● Activity
Please retype the data in full and exactly; the pictures are not part of the copy.

● Supplied data

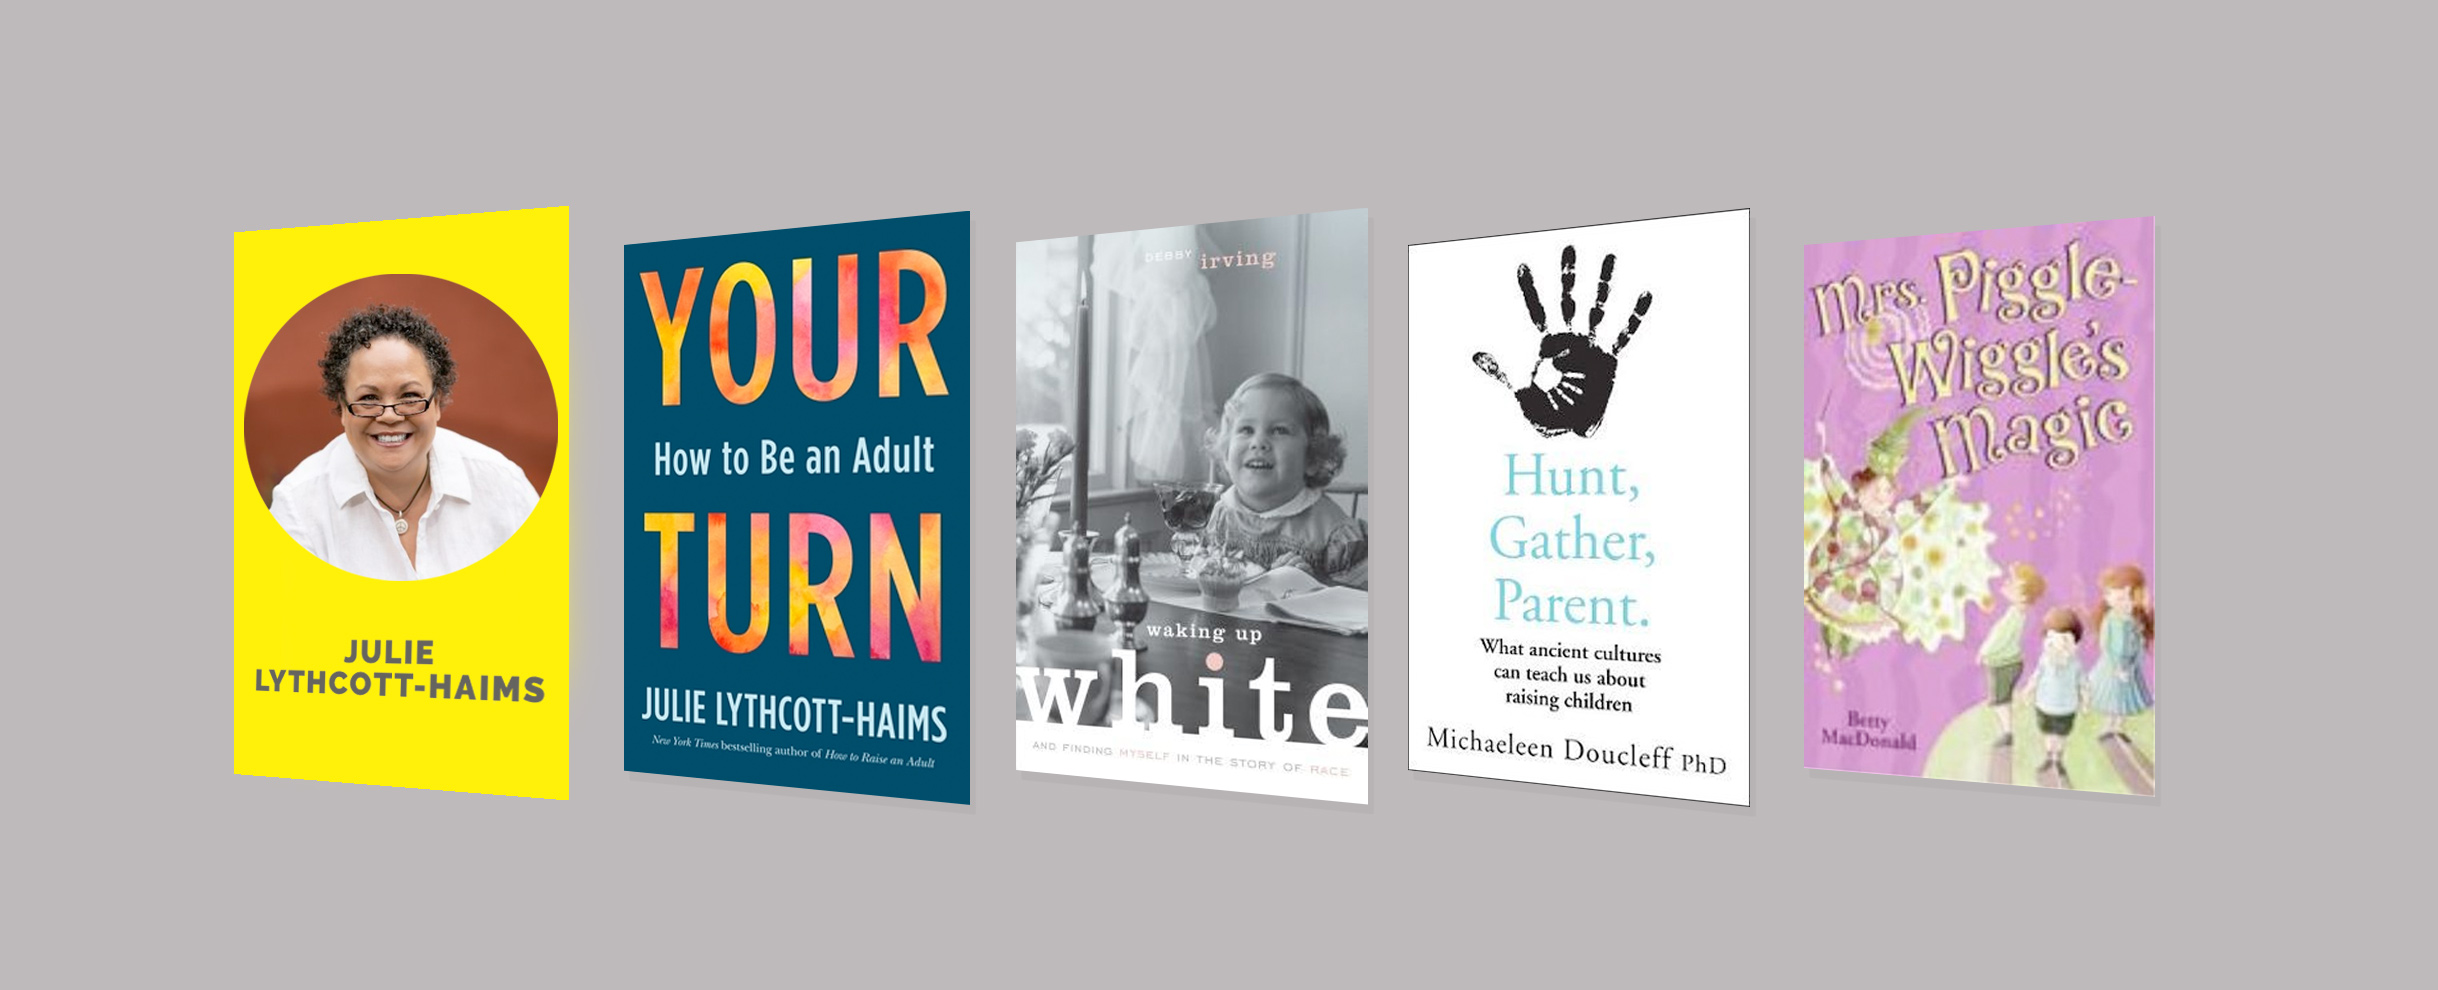 Interview with Julie Lythcott-Haims, author of Your Turn: How to Be an Adult
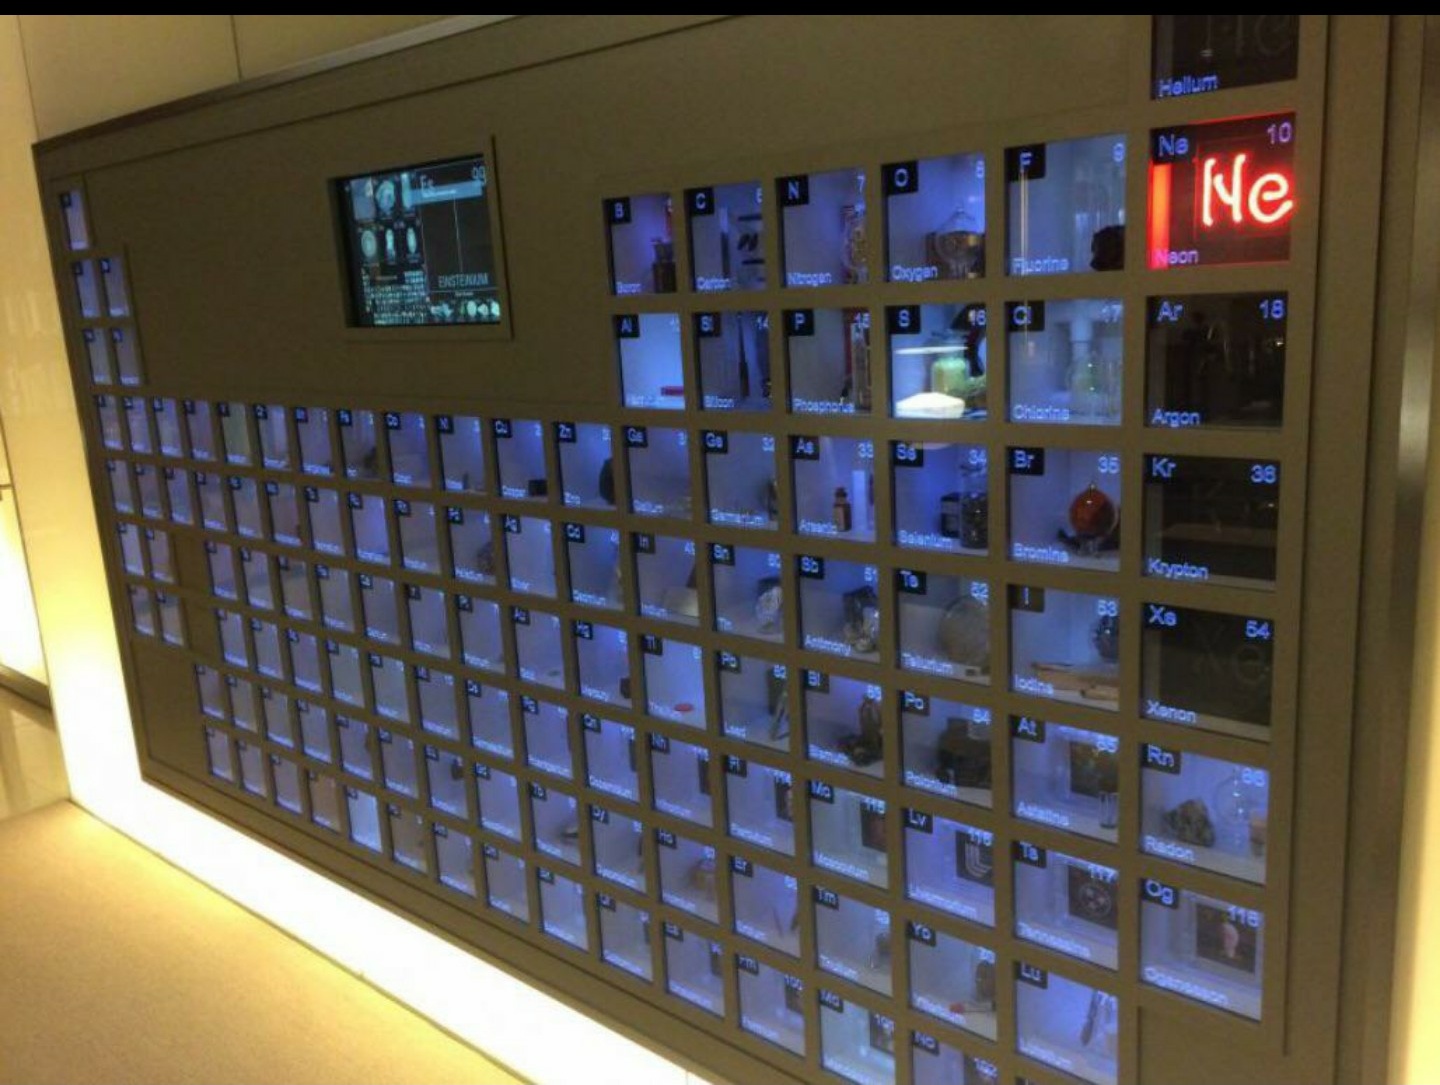 Bill+Gates+has+a+periodic+table+mounted+in+his+office+with+a+samples+of+each+element+inside+of+it
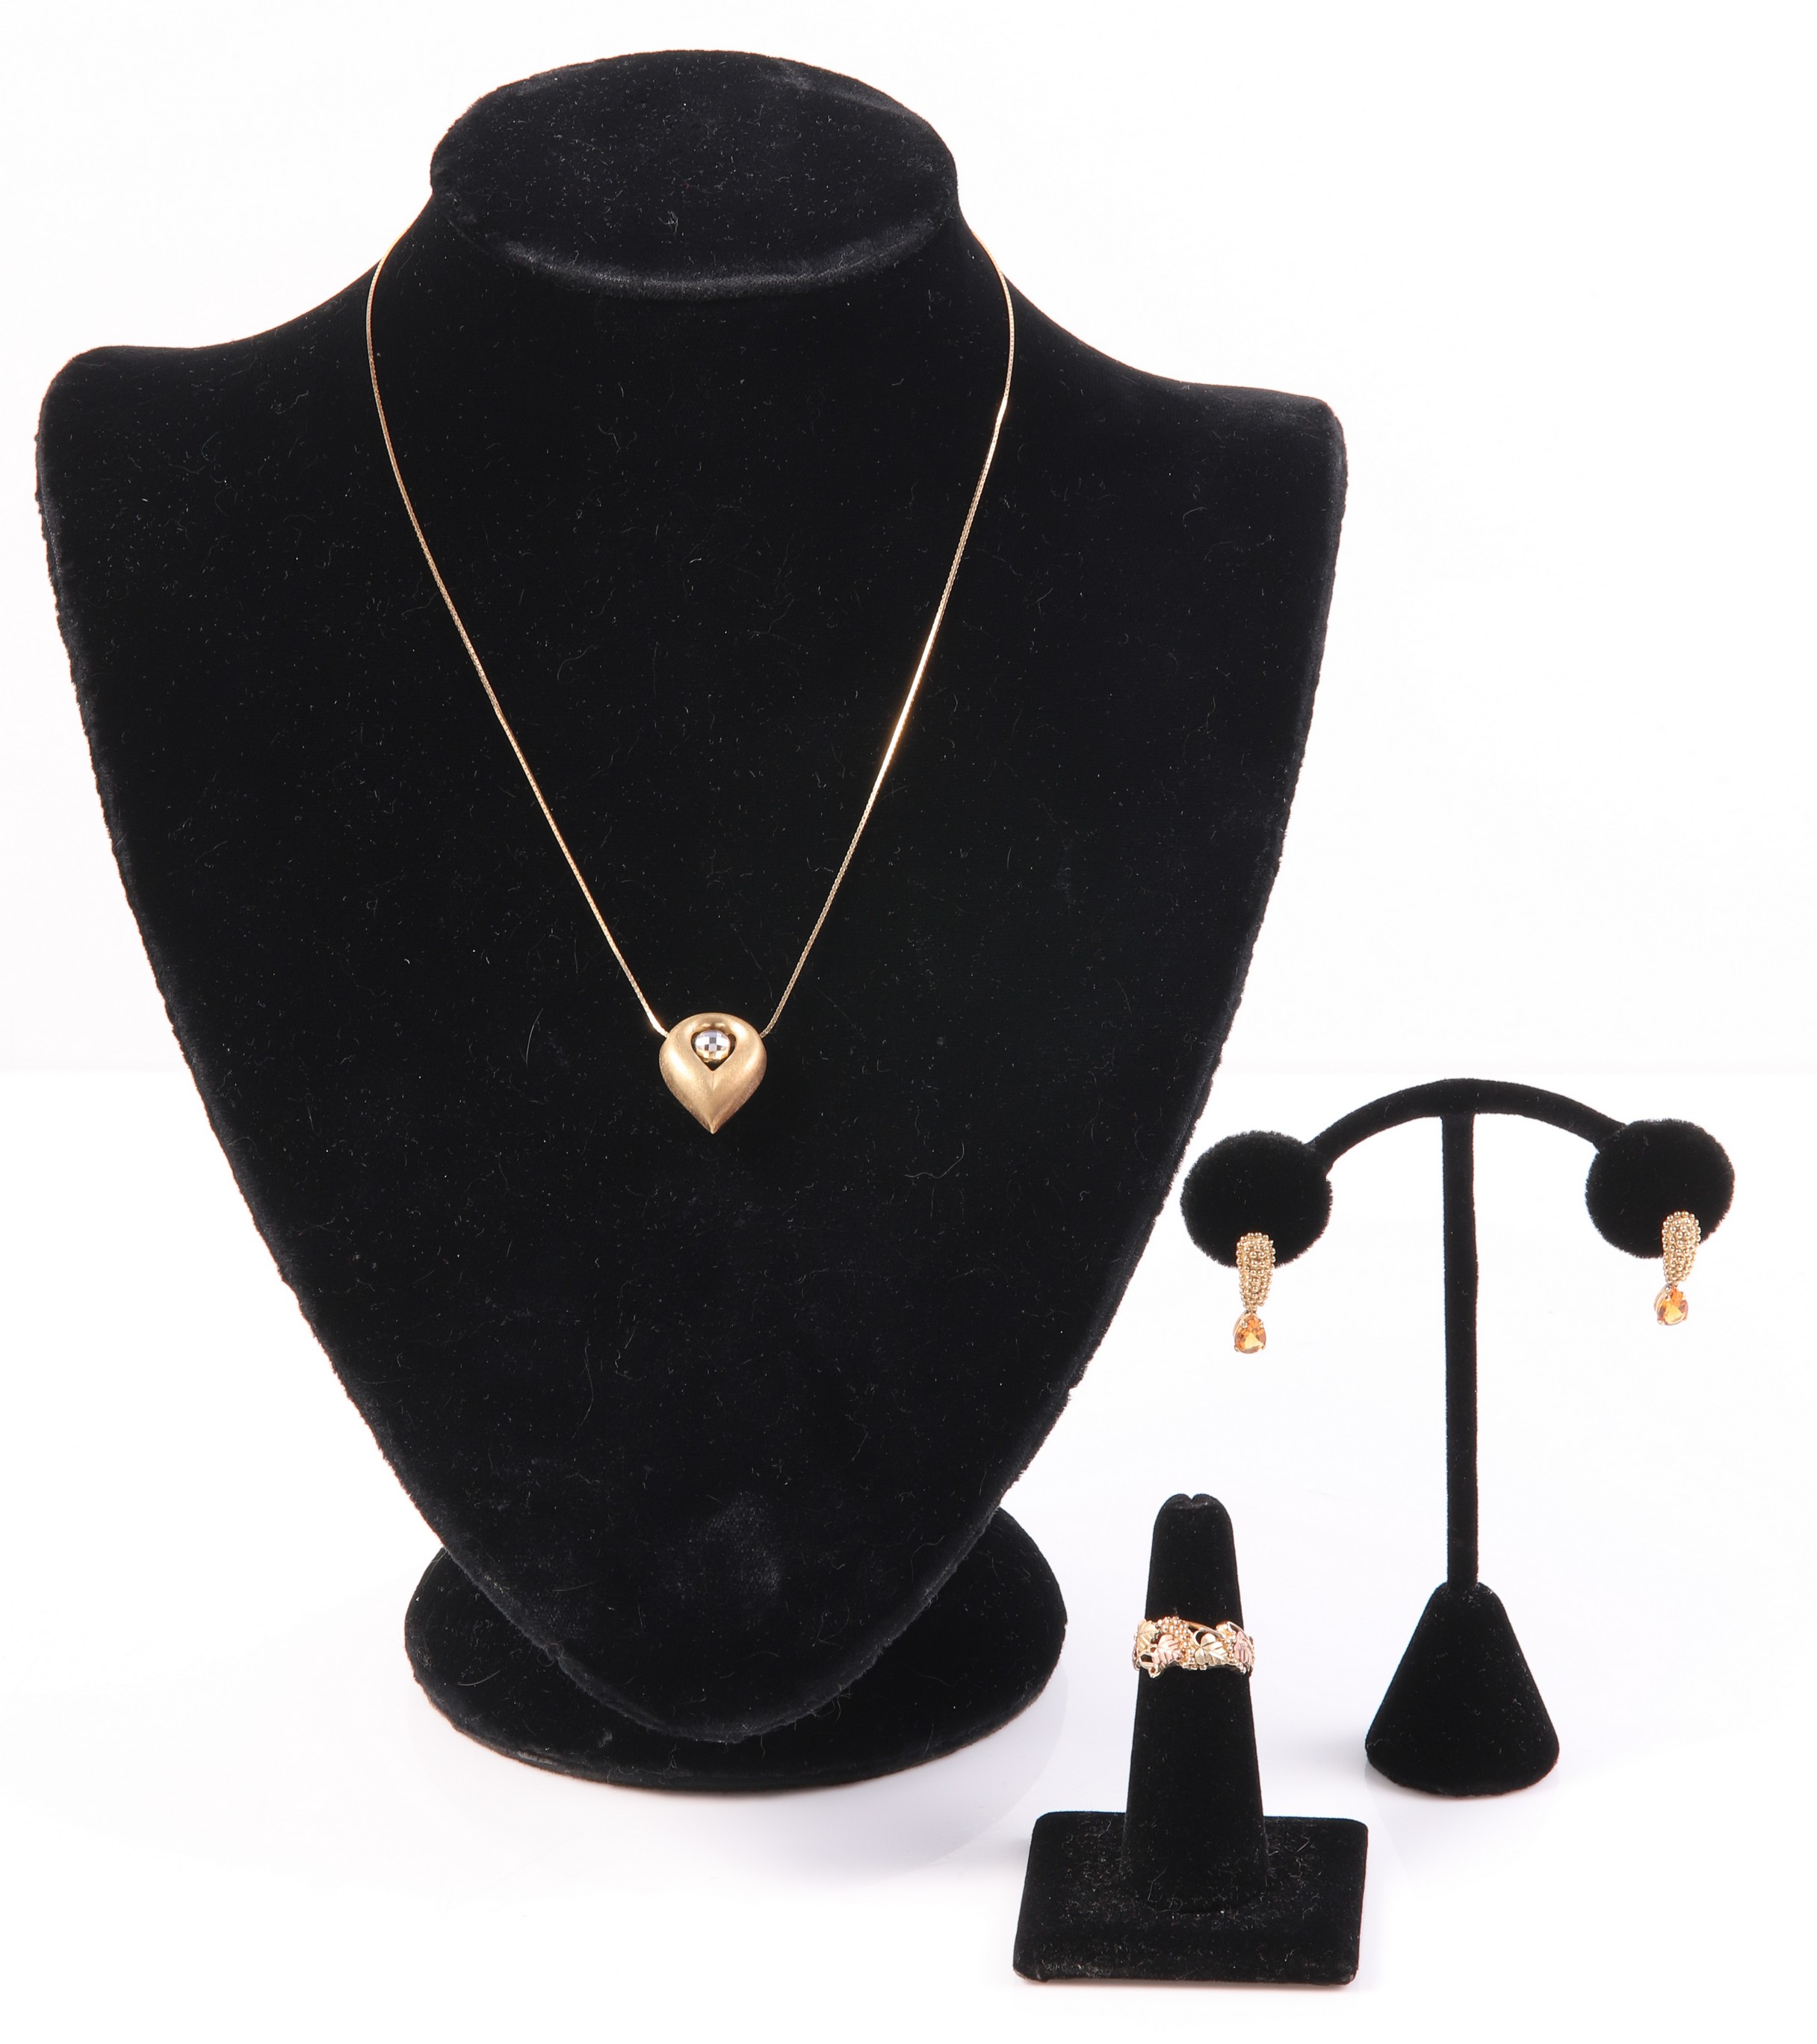 (3) Gold necklace, earrings and

● Response to the exercise
 Interview with Julie Lythcott-Haims, author of Your Turn: How to Be an Adult
 Bill+Gates+has+a+periodic+table+mounted+in+his+office+with+a+samples+of+each+element+inside+of+it
 (3) Gold necklace, earrings and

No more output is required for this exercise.